◆ **Task statement**
With images removed, transcribe each record exactly as it appears.

◆ **Available records**
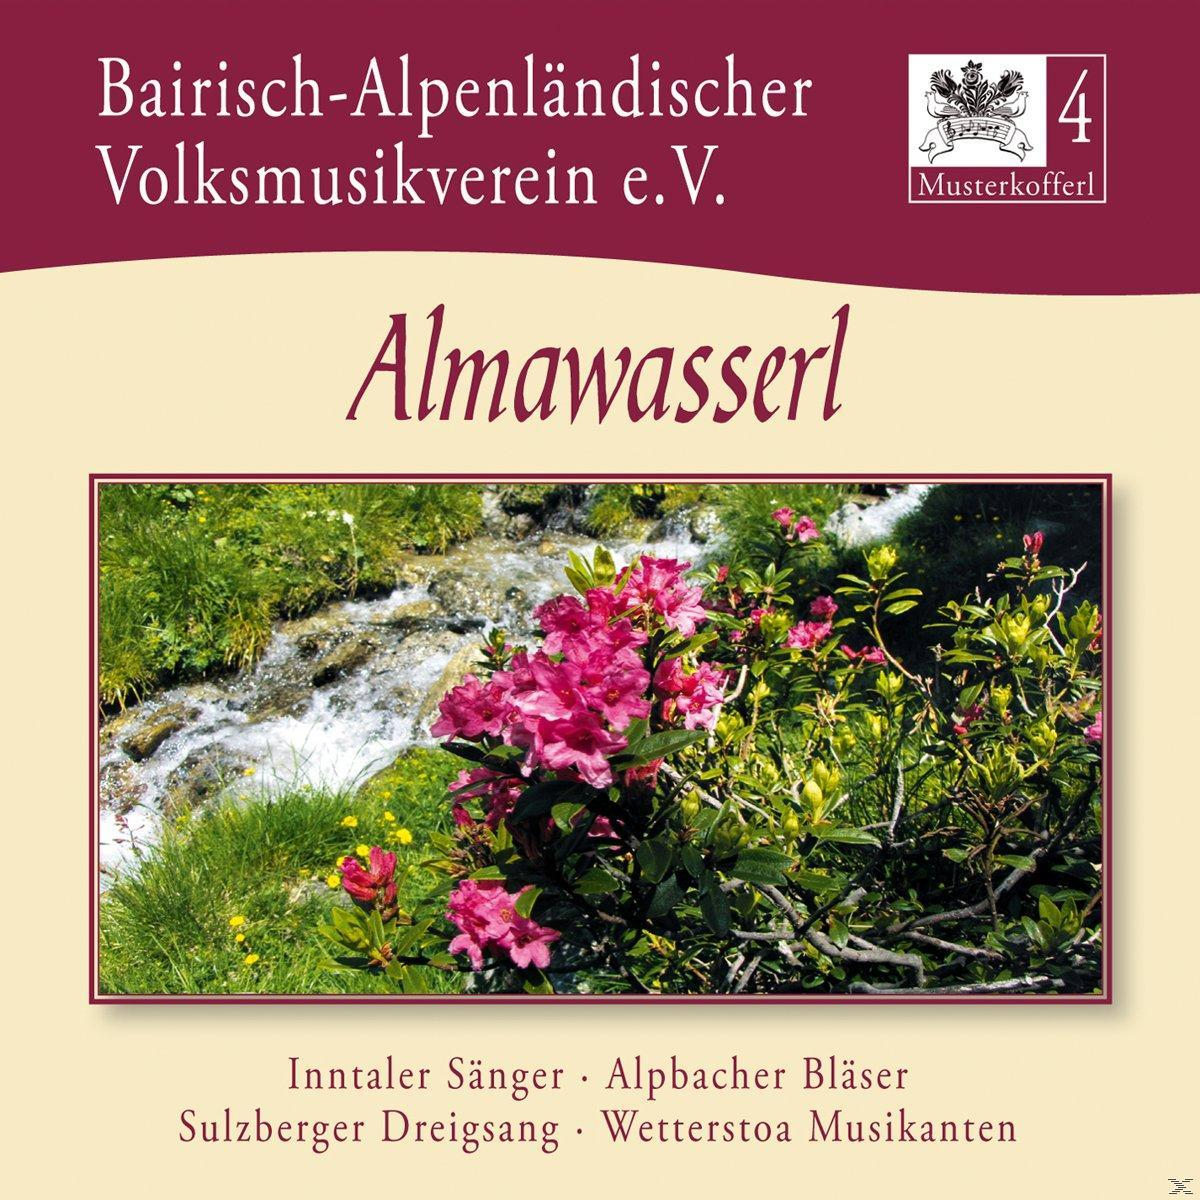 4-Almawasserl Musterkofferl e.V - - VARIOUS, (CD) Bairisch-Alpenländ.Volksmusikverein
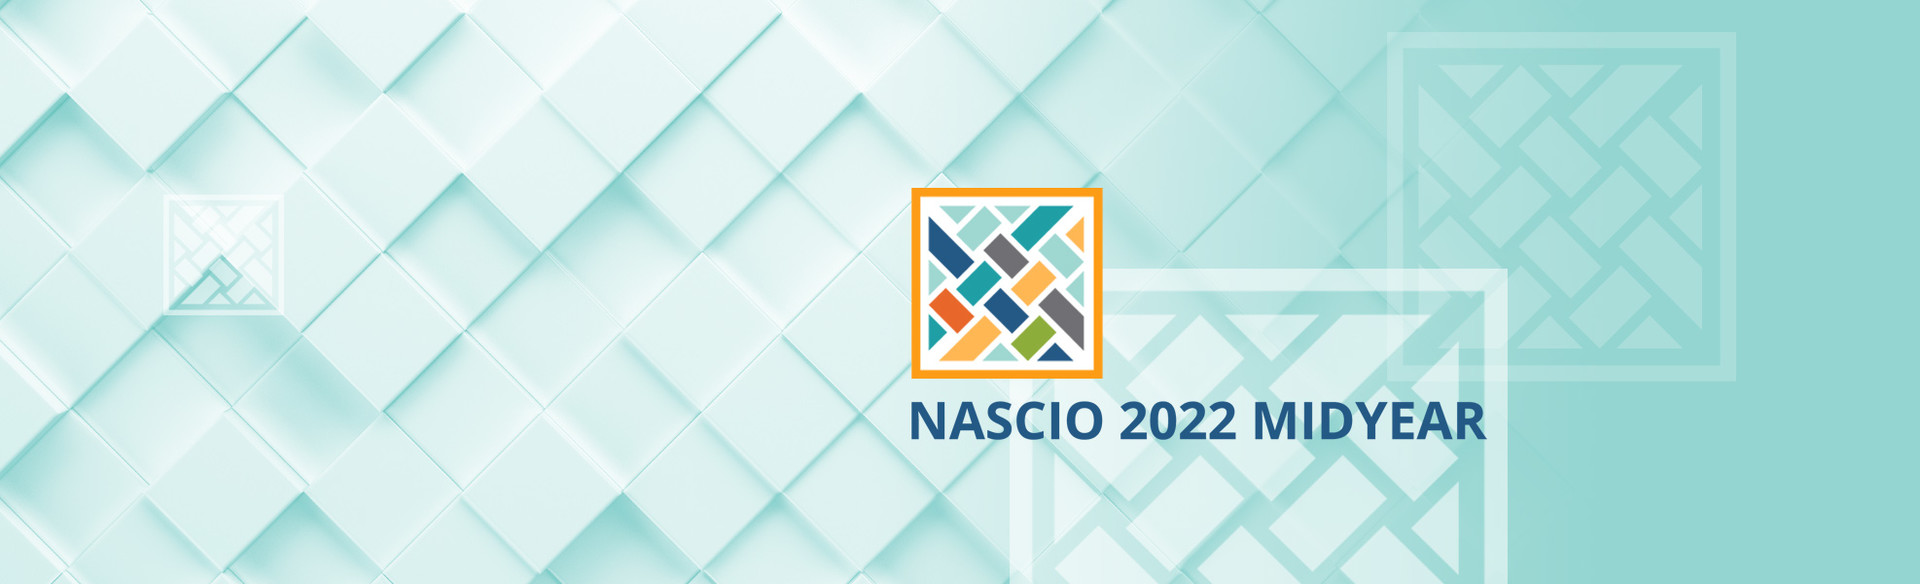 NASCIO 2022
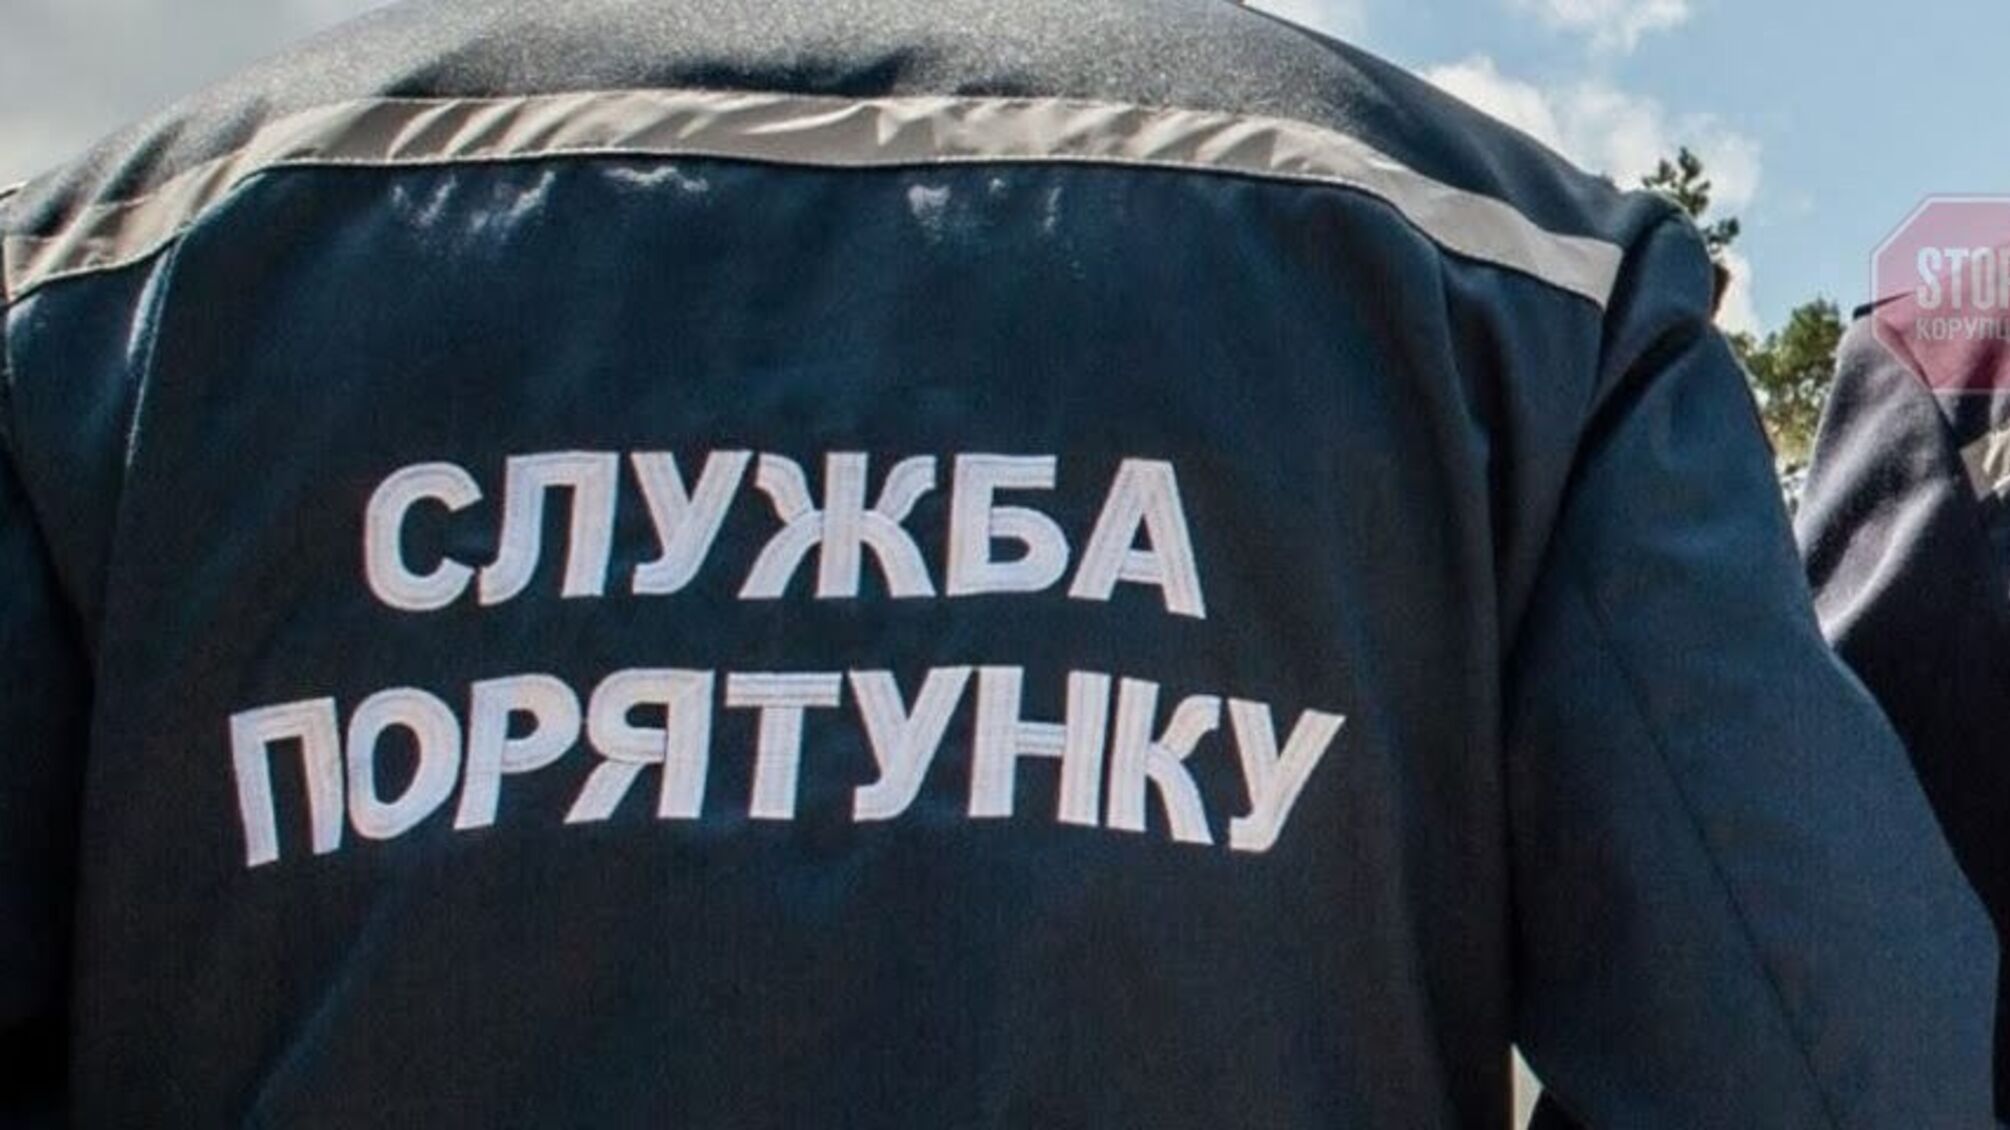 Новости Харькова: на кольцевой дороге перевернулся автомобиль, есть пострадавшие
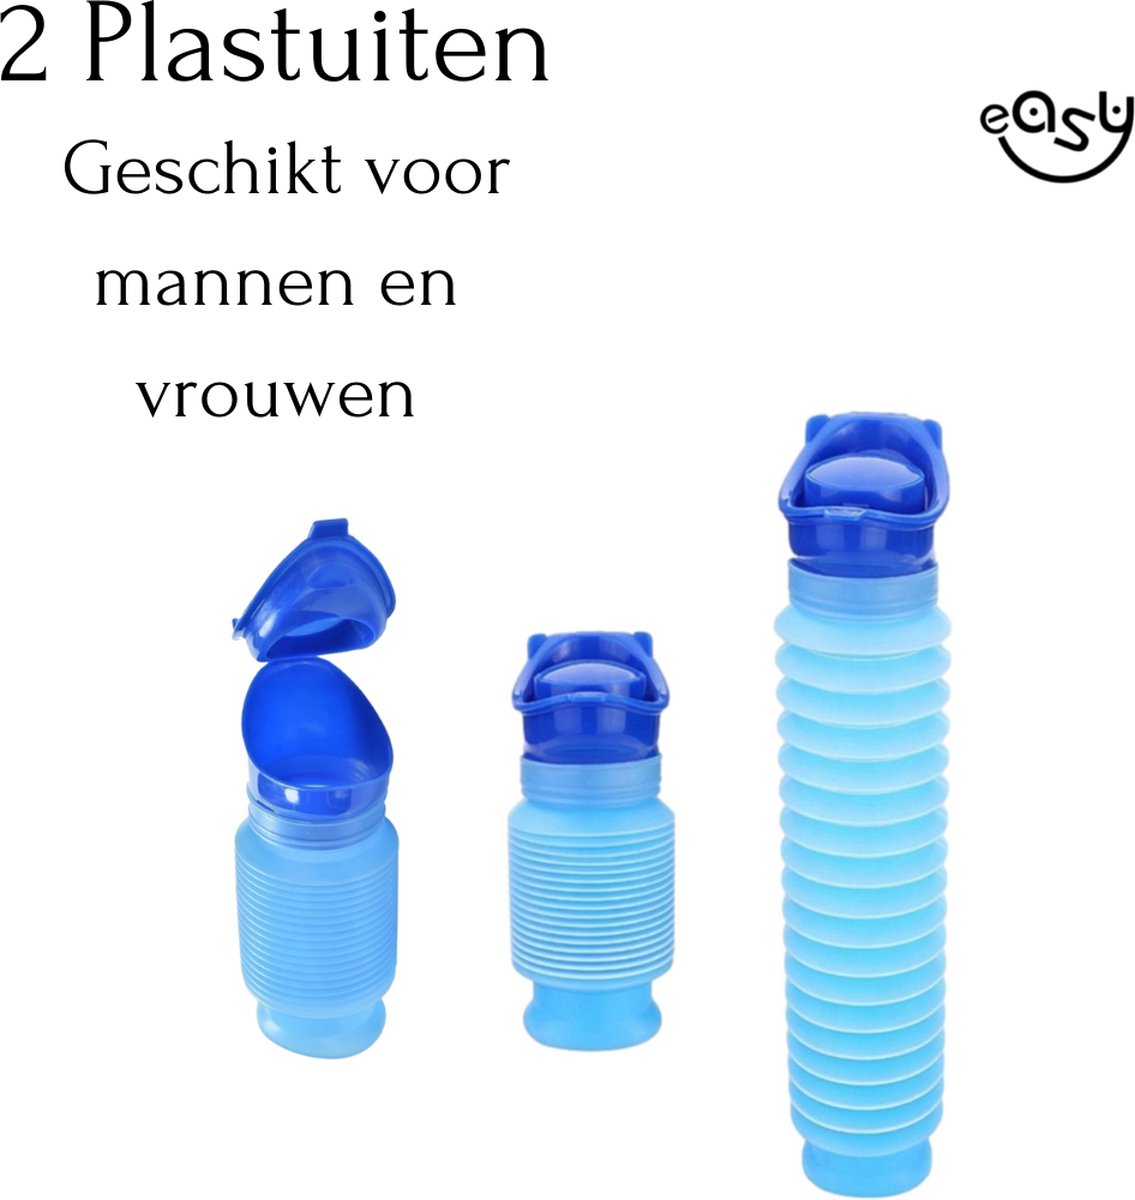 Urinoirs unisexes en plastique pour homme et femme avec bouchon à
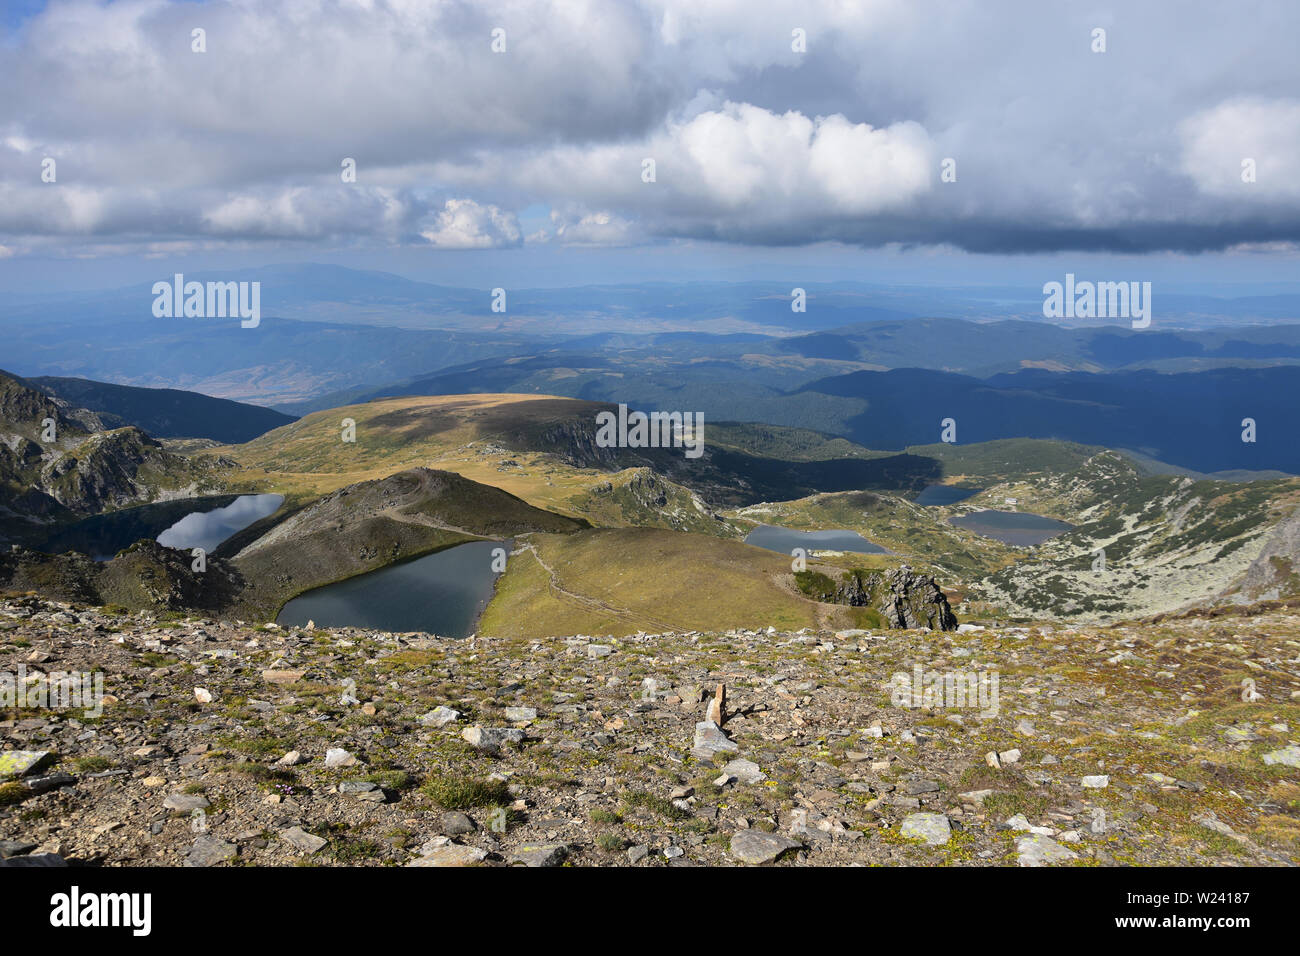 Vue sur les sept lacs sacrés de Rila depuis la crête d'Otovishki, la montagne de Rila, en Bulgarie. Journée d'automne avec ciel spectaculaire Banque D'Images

◆ **Task solution**
 4-Almawasserl Musterkofferl e.V - - VARIOUS, (CD) Bairisch-Alpenländ.Volksmusikverein
 NASCIO 2022
 Новости Харькова: на кольцевой дороге перевернулся автомобиль, есть пострадавшие
 Urinoirs unisexes en plastique pour homme et femme avec bouchon à
 Vue sur les sept lacs sacrés de Rila depuis la crête d'Otovishki, la montagne de Rila, en Bulgarie. Journée d'automne avec ciel spectaculaire Banque D'Images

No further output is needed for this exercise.